======== Task material
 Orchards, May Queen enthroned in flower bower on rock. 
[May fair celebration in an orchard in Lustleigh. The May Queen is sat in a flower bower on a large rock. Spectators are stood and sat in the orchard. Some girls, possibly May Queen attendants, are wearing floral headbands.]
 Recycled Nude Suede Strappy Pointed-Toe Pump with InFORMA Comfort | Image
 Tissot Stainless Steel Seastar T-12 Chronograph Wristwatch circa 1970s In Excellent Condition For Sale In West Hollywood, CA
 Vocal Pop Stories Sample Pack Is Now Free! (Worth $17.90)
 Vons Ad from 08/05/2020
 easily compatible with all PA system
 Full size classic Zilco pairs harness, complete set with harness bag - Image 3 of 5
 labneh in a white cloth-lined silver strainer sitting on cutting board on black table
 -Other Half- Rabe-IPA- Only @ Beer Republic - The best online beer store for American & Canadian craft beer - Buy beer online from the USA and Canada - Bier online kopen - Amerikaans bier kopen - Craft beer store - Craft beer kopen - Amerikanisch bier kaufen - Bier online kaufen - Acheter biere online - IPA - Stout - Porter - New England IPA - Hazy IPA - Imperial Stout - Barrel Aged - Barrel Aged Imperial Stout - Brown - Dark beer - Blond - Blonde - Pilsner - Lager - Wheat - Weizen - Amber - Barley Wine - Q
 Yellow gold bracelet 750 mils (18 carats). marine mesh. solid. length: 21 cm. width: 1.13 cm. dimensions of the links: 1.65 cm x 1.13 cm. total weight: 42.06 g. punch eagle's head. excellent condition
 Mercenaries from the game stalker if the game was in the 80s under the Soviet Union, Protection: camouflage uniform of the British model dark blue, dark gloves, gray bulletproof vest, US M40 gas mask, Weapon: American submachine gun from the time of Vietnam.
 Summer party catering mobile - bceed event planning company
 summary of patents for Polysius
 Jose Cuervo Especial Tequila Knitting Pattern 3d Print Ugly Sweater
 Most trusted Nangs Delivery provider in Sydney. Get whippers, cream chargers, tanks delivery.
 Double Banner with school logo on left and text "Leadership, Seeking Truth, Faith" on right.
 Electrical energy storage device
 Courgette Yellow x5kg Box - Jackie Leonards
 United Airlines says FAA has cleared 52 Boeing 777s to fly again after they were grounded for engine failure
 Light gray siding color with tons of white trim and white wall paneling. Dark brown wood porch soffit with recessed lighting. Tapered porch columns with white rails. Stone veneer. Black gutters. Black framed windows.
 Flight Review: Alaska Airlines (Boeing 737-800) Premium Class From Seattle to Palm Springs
================
Task: Each line in the entries above, starting at the line with "[May fair celebration" and ending at the line with "labneh in a", is to be printed exactly, and only those lines.

Output of the exercise:
[May fair celebration in an orchard in Lustleigh. The May Queen is sat in a flower bower on a large rock. Spectators are stood and sat in the orchard. Some girls, possibly May Queen attendants, are wearing floral headbands.]
 Recycled Nude Suede Strappy Pointed-Toe Pump with InFORMA Comfort | Image
 Tissot Stainless Steel Seastar T-12 Chronograph Wristwatch circa 1970s In Excellent Condition For Sale In West Hollywood, CA
 Vocal Pop Stories Sample Pack Is Now Free! (Worth $17.90)
 Vons Ad from 08/05/2020
 easily compatible with all PA system
 Full size classic Zilco pairs harness, complete set with harness bag - Image 3 of 5
 labneh in a white cloth-lined silver strainer sitting on cutting board on black table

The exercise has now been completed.